Infinite series problem
You may prove by induction that $$\sum_{r=0}^n\frac{2^{2^r}}{2^{2^{r+1}}-1}=1-\frac{1}{2^{2^{n+1}}-1}.$$(If yoiu didn't spot this conjecture at first, you will after calculating the first few partial sums.) Indeed the claim is correct if $n=0$, and if it holds for $n=k$ then $$\sum_{r=0}^{k+1}\frac{2^{2^r}}{2^{2^{r+1}}-1}=1-\frac{1}{2^{2^{k+1}}-1}+\frac{2^{2^{k+1}}}{2^{2^{k+2}}-1}=1-\frac{1}{2^{2^{k+2}}-1}$$as required, where the final calculation is the $a=2^{2^{k+1}}$ special case of $$1-\frac{1}{a-1}+\frac{a}{a^2-1}=1-\frac{1}{a^2-1}.$$You may wish to rewrite this argument as the computation of a telescoping series.
You may continue as:
$$\frac{2^n}{(2^n-1)(2^n+1)} =\frac{(2^n+1)-1}{(2^n-1)(2^n+1)} =\frac 1{2^n-1} - \frac 1{(2^n-1)(2^n+1)}$$ Where $n = 2^r$. Now write the sum as:
$$\left(\frac 11 - \frac 13\right) + \left(\frac 13 - \frac 1{15}\right) + ... + \left(\frac 1{2^n-1} - \frac 1{(2^n-1)(2^n+1)}\right)$$
After cancelling the terms you are left with:
$$1 - \frac 1{(2^n-1)(2^n+1)}$$
When $n$ tends to infinity, the expression becomes $1$.

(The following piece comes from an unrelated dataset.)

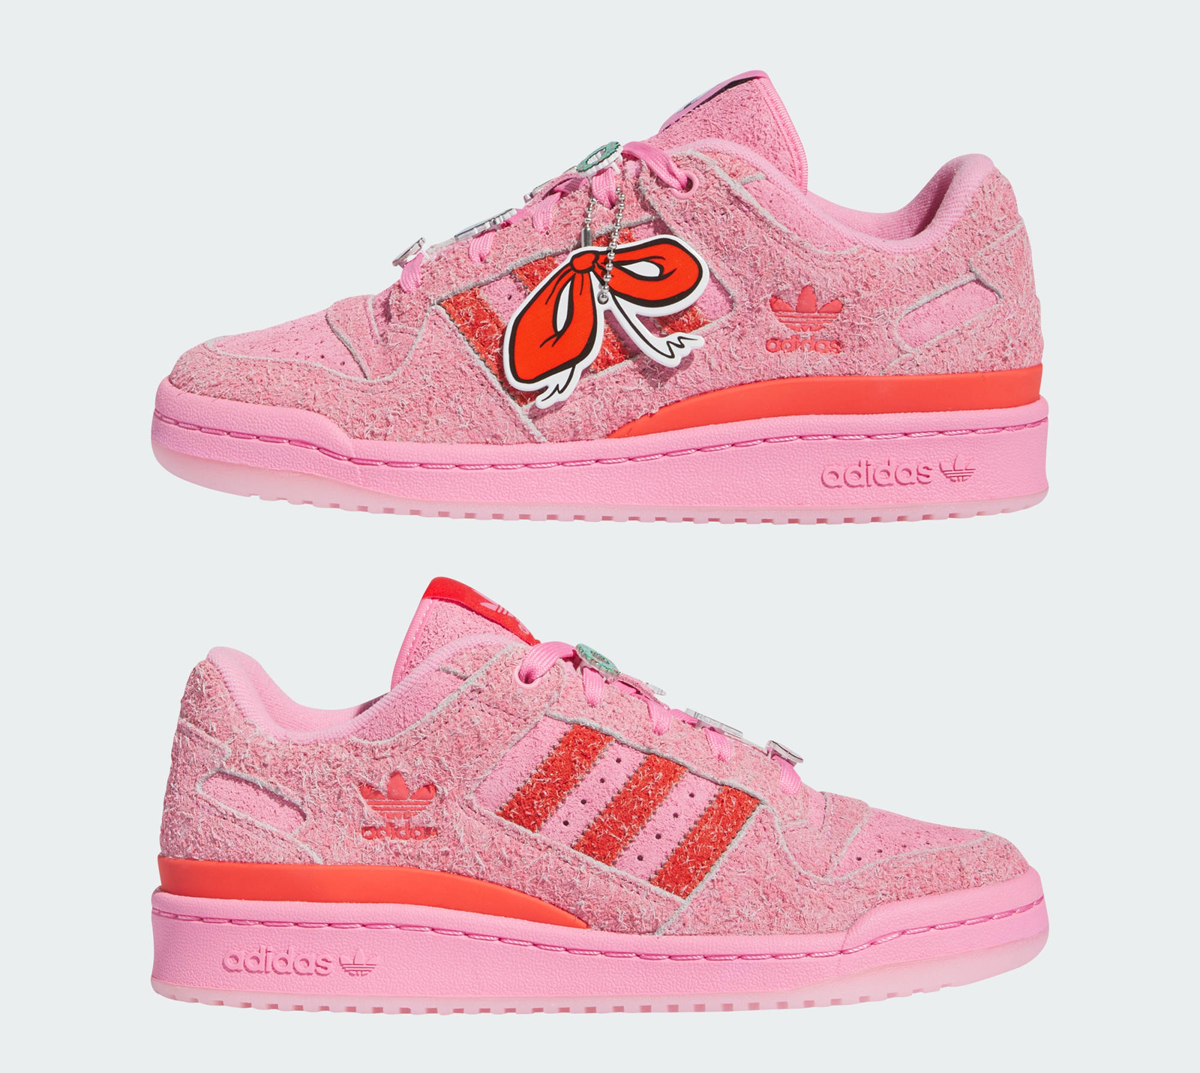 adidas-Forum-Low-The-Grinch-Pink-Cindy-Lou-Who-Release-Date-11
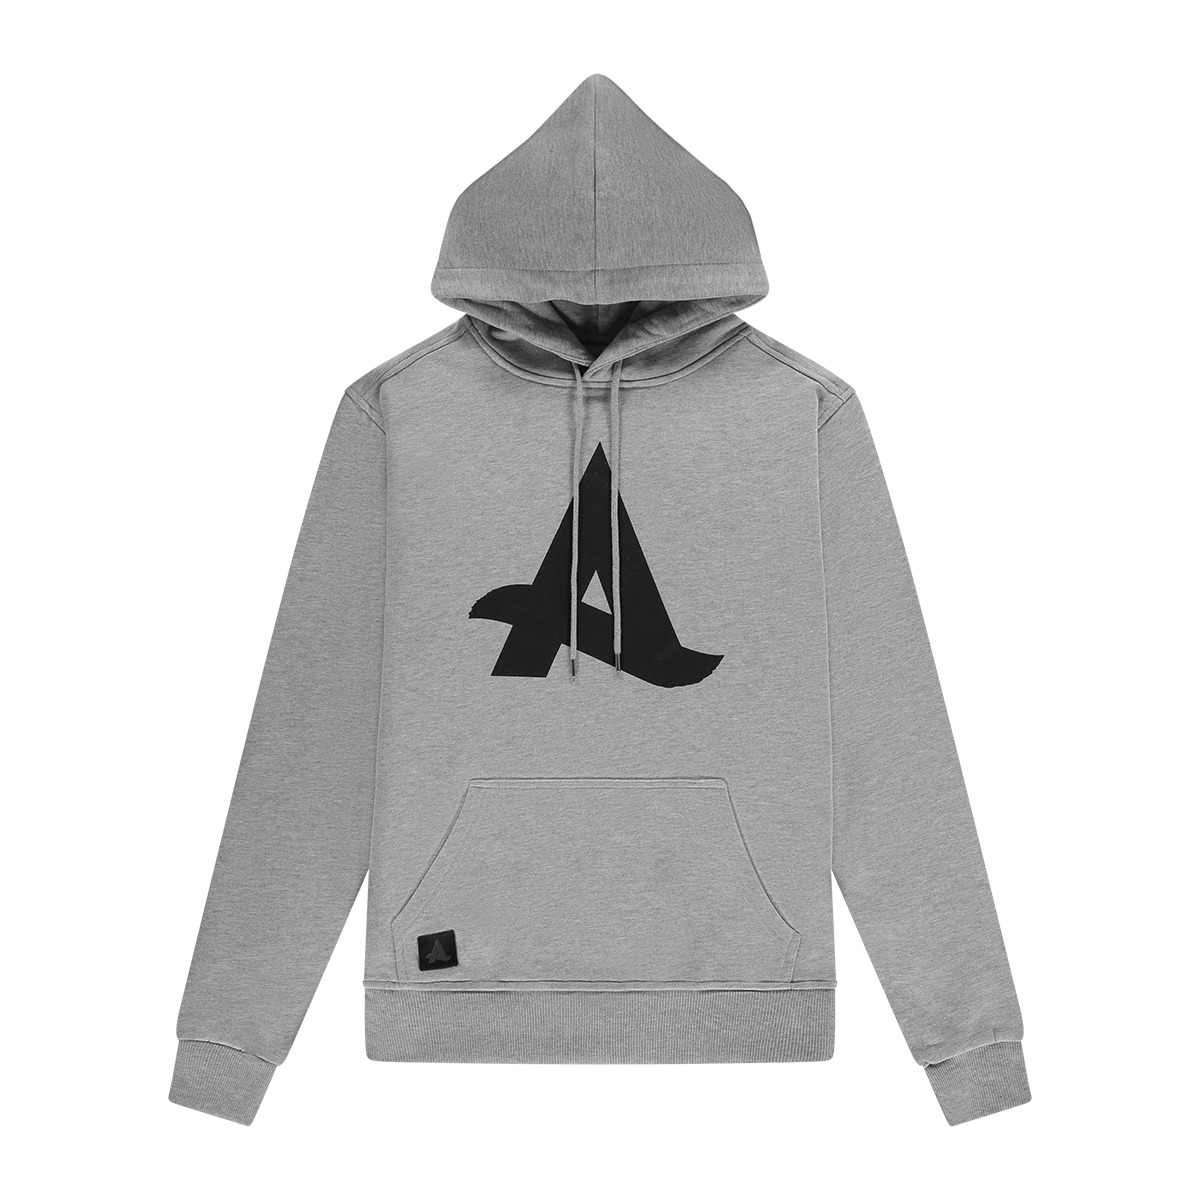 Afrojack_official-hoodie-grey-front

Note first that $$ \frac{2^n}{2^{2n}-1}=2^{-n}\frac{1}{1-2^{-2n}}=\sum_{k:\text{odd},k\in\Bbb N} 2^{-nk}. $$ If we sum over $n=2^j$, $j\ge 0$, we have $$ S=\sum_{j=0}^\infty \frac{2^{2^j}}{2^{2^{j+1}}-1}=\sum_{j=0}^\infty\sum_{k:\text{odd},k\in\Bbb N} 2^{-2^j\cdot k}=\sum_{l=1}^\infty 2^{-l}=1 $$ since every $l\ge 1$ has a unique representation $l=2^j\cdot k$ for some $j\ge 0$ and odd $k\in \Bbb N$.